But some weeks are easier than others. This has not been one of the "easier" weeks. Some weeks I don't feel infertile. Some weeks, like this one, I do.
Funky is actually "Andi." She and I have never met. Our stories are very different, and yet in our hearts, we are kindred souls. Andi is now a mom to a beautiful Jonathan Kai after two miscarriages and a paused Chinese adoption. Andi understands what it is like to have a quiet home and to dream of the laughter of children.
Andi has often told me that I have helped her with my words. But Andi has often helped me as well -- through a gift she sends by snail mail, an email, or the words she puts on her own blog.

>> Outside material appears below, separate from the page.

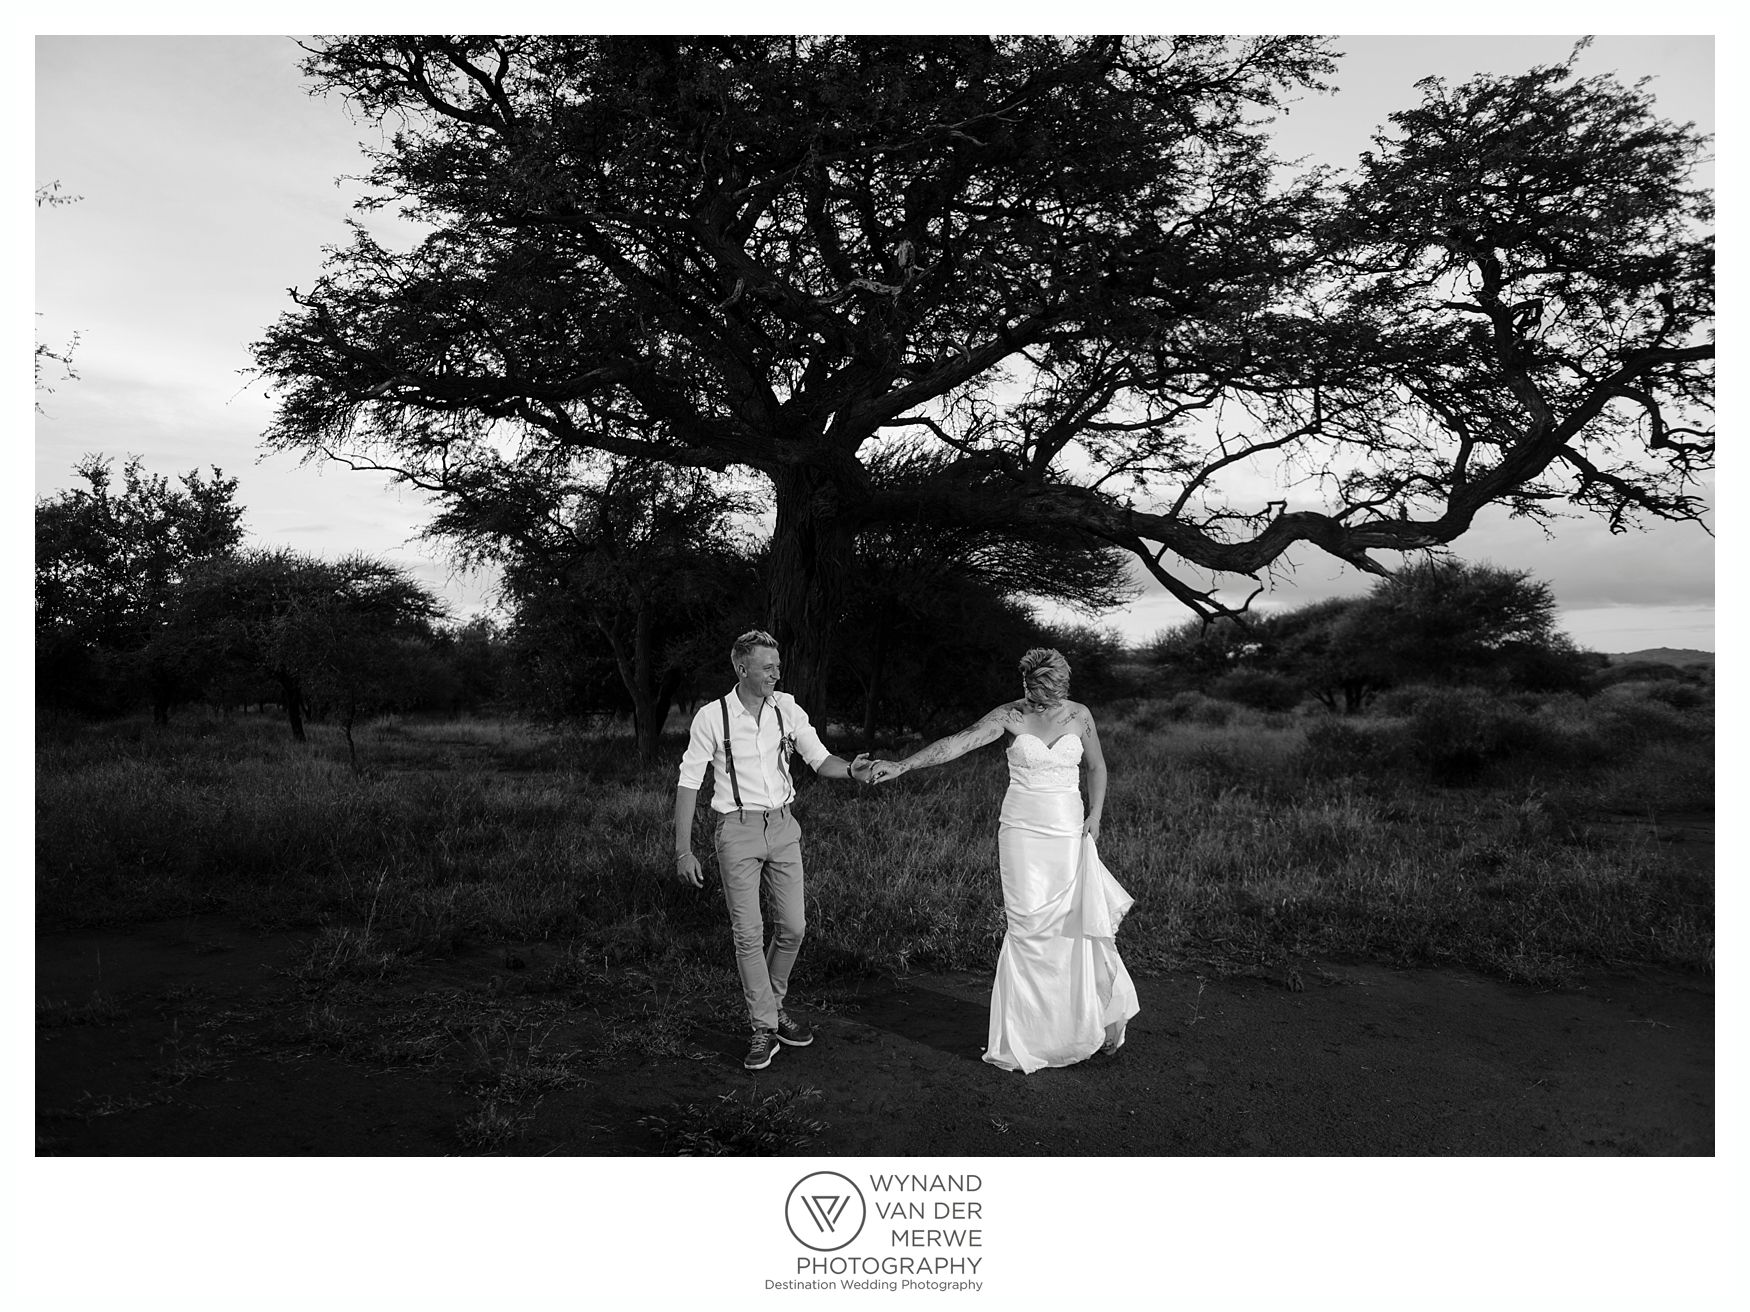 WynandvanderMerwe_weddingphotography_bushveldwedding_northam_bushveld_limpopowedding_limpopo_southafrica-288.jpg
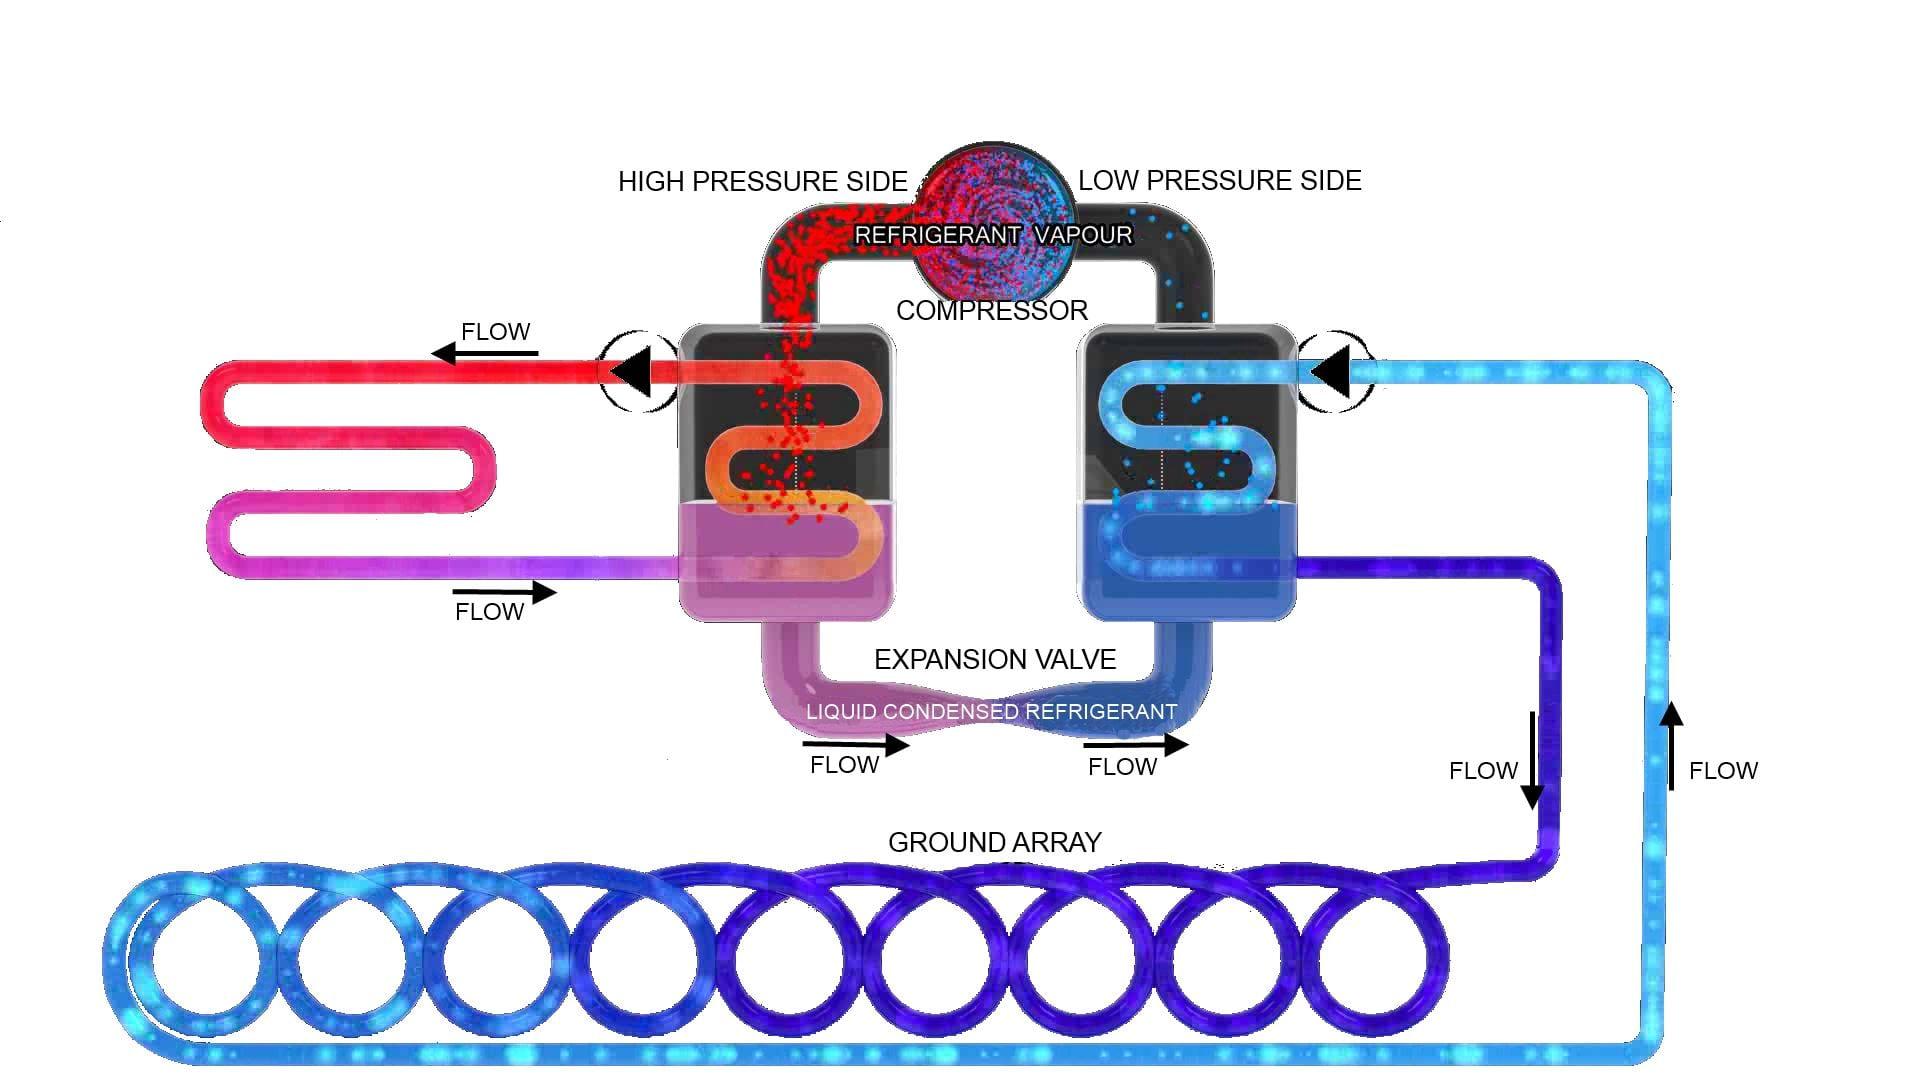 hight resolution of improving heat pump efficiency

This past week, Andi's post: "Land of Fine" really ministered to me.
She wrote:
When you grieve the death of a loved one, you intellectually know in time, the pain will lessen. You know that you won't cry forever. You know that someday you'll be able to just remember the good memories of that person's life. But if someone were to come up to you today and say, "Don't worry...things will be fine" or "You'll be fine", what true comfort do those words bring in the midst of grief? They don't. Truth is, sometimes they compound the grief because the person saying it is ignoring the fact that right now, things are NOT fine. As if you should immediately be over the loss. What those people may not understand is that you have to wade through the grief of the moment before you can get to Fine. It's there, but you aren't there yet. Grief is here now, today, right in front you. But Fine is a foreign land waaaay over there and to make things harder, there is a huge chasm between the two. How do you get from the Land of Grief to the Land of Fine? Only wading through the grief. Which, of course, differs from person to person on how that happens and how quickly that happens.Losing the dream of having a family is very similar. Few couples ever think that loss will happen to them. Unless a couple decides they do not want kids, nobody WANTS to lose that dream. It is something you can't really prepare for, even if you think it's a possibility.
So for those of you that know someone struggling with infertility, let them be where they are. Let them grieve. They cannot move beyond this until they've gone through it. Yes, there is always hope when we have a Heavenly Father that can work miracles. IF He chooses to work a miracle. But before the idea of a miracle can even be hoped for, one must deal with the death of a dream. One must come to the acceptance that the Lord's plan for their life may very well be childless. So let your brother or sister be not-fine. Wanting them to speed along to the Land of Fine only hinders the trip that much more.
Can you imagine having lost your spouse and at the funeral someone saying, "Oh, you can get married again!" Or, "Have you tried this dating site? I've heard it's really successful." Or, "My friend in Ohio lost her husband, went on a vacation and found another one because she just wasn't thinking about him anymore."
That's about how insensitive it is to bring up IVF or adoption or "trying again" when someone is grieving over their infertility or pregnancy loss. Please just don't say things like that. I promise it makes things worse.
You may not have ever struggled with infertility, but you CAN be a huge help in the healing process if you are thoughtful and prayerful about your words and actions. In fact, your help is not only needed, but required for the healing process.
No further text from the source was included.